The logic in a fee master, example

First, the wallet reads the feemaster server defined in the Asset Definition File. Say, Shanhai's feemaster is 'feemaster.shankaisports.com'.

Then, the wallet replaces the Universal Link's hostname with the paymaster's hostname, and sends a POST request to that URL. The content of the POST request is the wallet's address, say,0xde0B295669a9FD93d5F28D9Ec85E40f4cb697BAe. This is an example HTTP POST:

    POST /AAGGoFq1tAC8mhAmpLxvC6i75IbR0J2lcys55AECAwQFBgcICfENh9BG3IRgrrkXGuLWKddxeI/PpXzaZ/RdyUxbrKi4MSEHa8NMnKTyjVw7uODNrpcboqSWZfIrHCFoug/YGegb HTTP/1.1
    Host: feemaster.shankaisports.com
    Content-Type: application/x-www-form-urlencoded
    Content-Length: 42
    address=0xde0B295669a9FD93d5F28D9Ec85E40f4cb697BAe

There, the server first does some spam detection - e.g. check if the date of the event is too much into the future. Finding it not a spam, the server then constructs a call to the smart-contract to allocate the token to 0xde0B295669a9FD93d5F28D9Ec85E40f4cb697BAe

    tradeTo("0xde0B295669a9FD93d5F28D9Ec85E40f4cb697BAe", 0, [3, 4], 28,
        "0x95B06BF20CD3F45497CC193028ADBADB140984E3E803E53D52356969BB408AD8", 
        "0x680EA2AB7CDC3E4D91B653BBC16886B143BDE426EF6978DFFC8C4CFBDCF883AF")

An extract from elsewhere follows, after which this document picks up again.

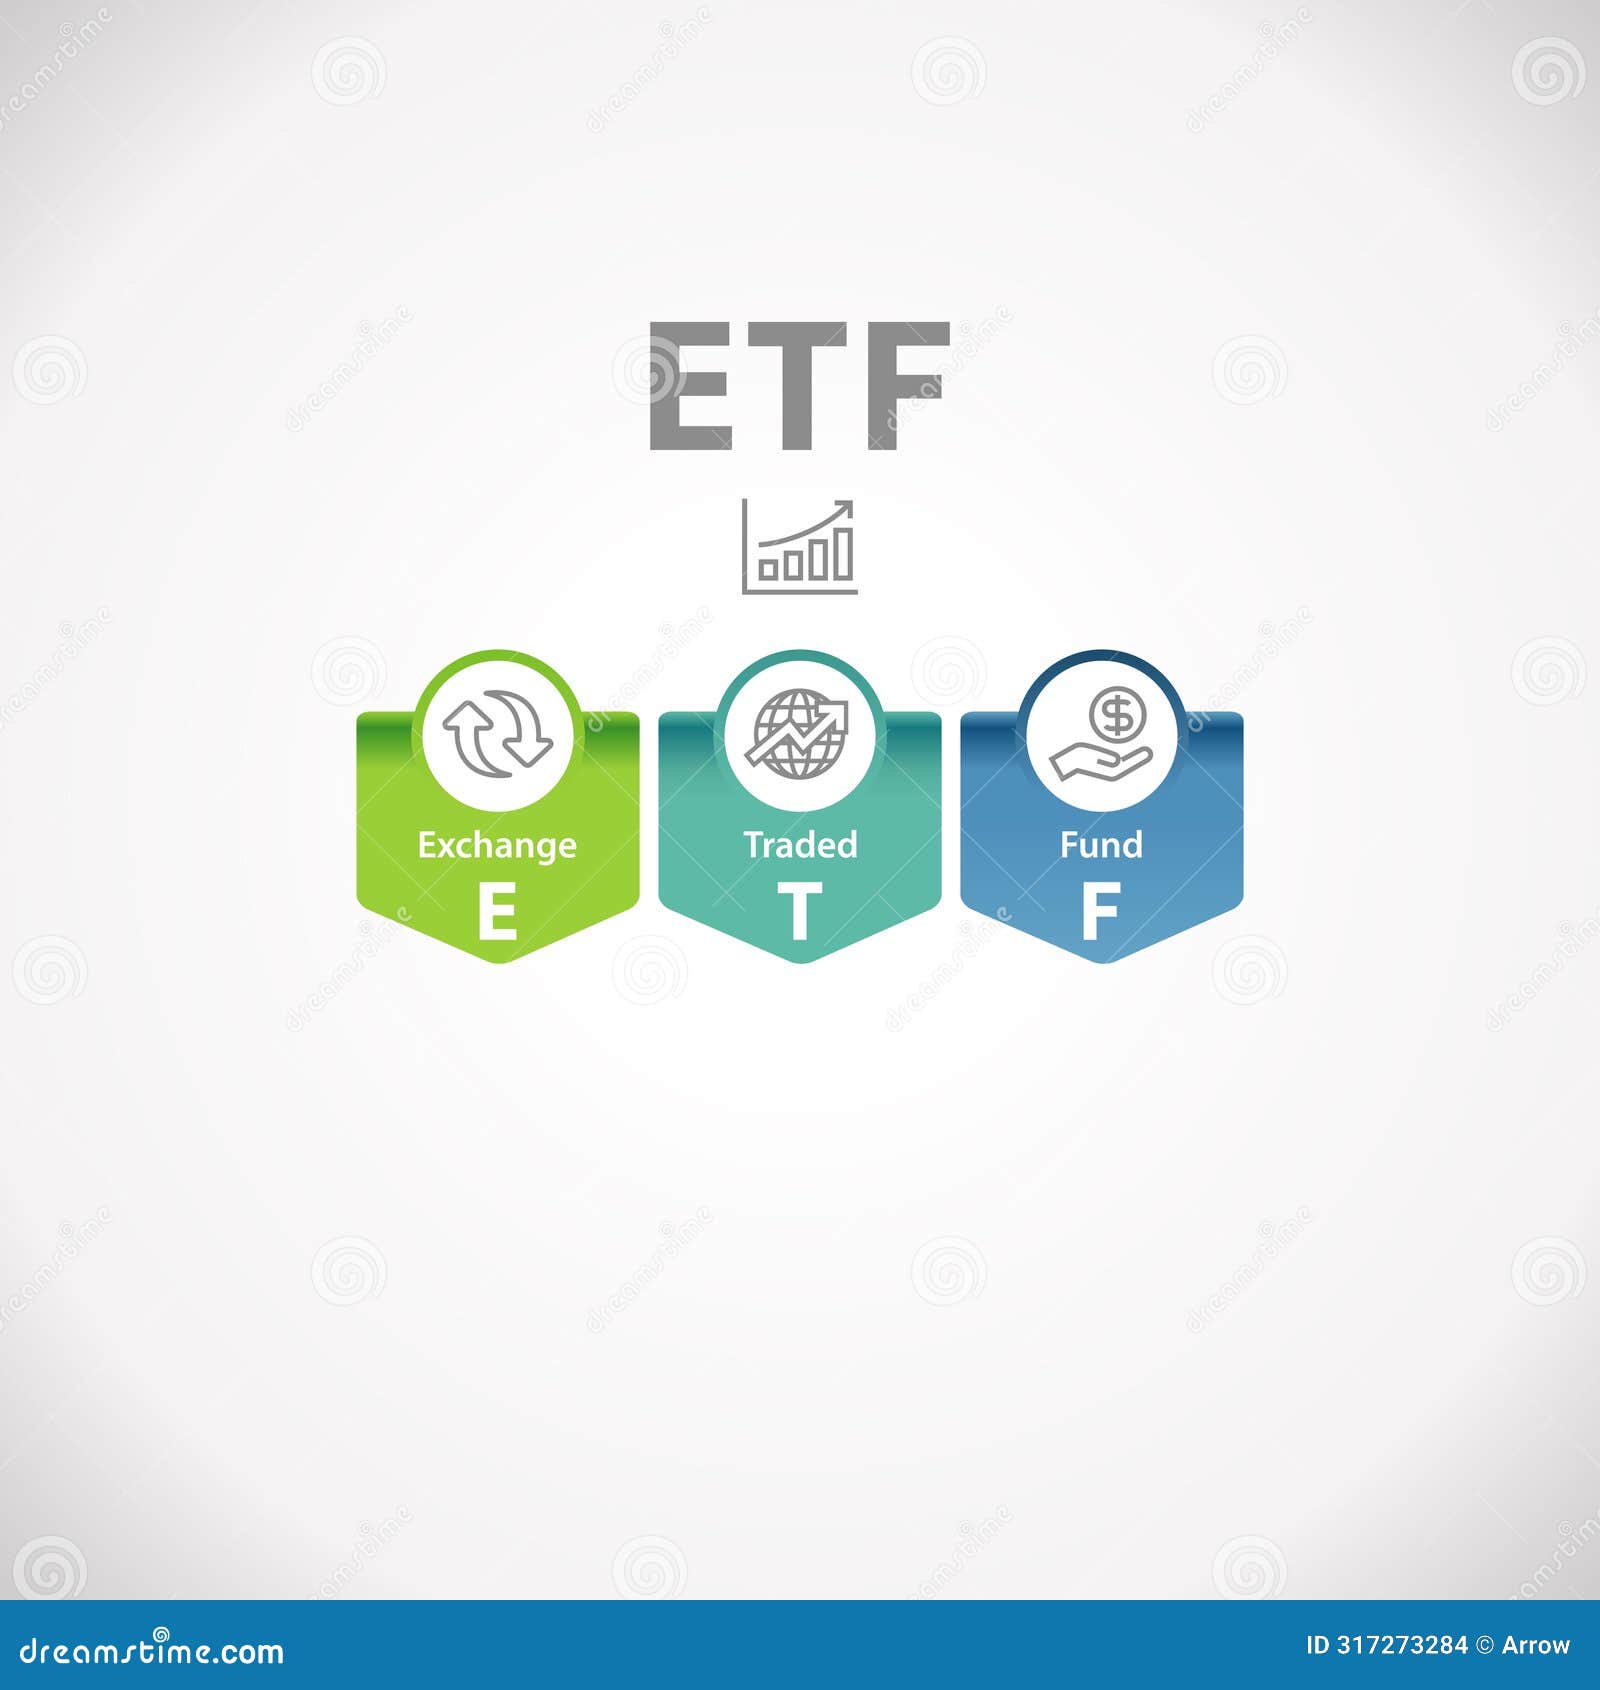 etf exchange traded fund investment icon  infographic

The server broadcasts the transaction and returns the transaction hash in response to the HTTP POST.

The possible statuses returned from an authorisation server can be one of these. In either case, the wallet prompts the user that they can add some Ether to their wallet and try again.

Spam: the asset is transferred more than 5 times
The authorisation server refused to do the transaction.
Authorisation Server is poor
The authorisation server has no Ether to finalise the transaction.
Authorisation Server is not available
This can be caused by server maintenance.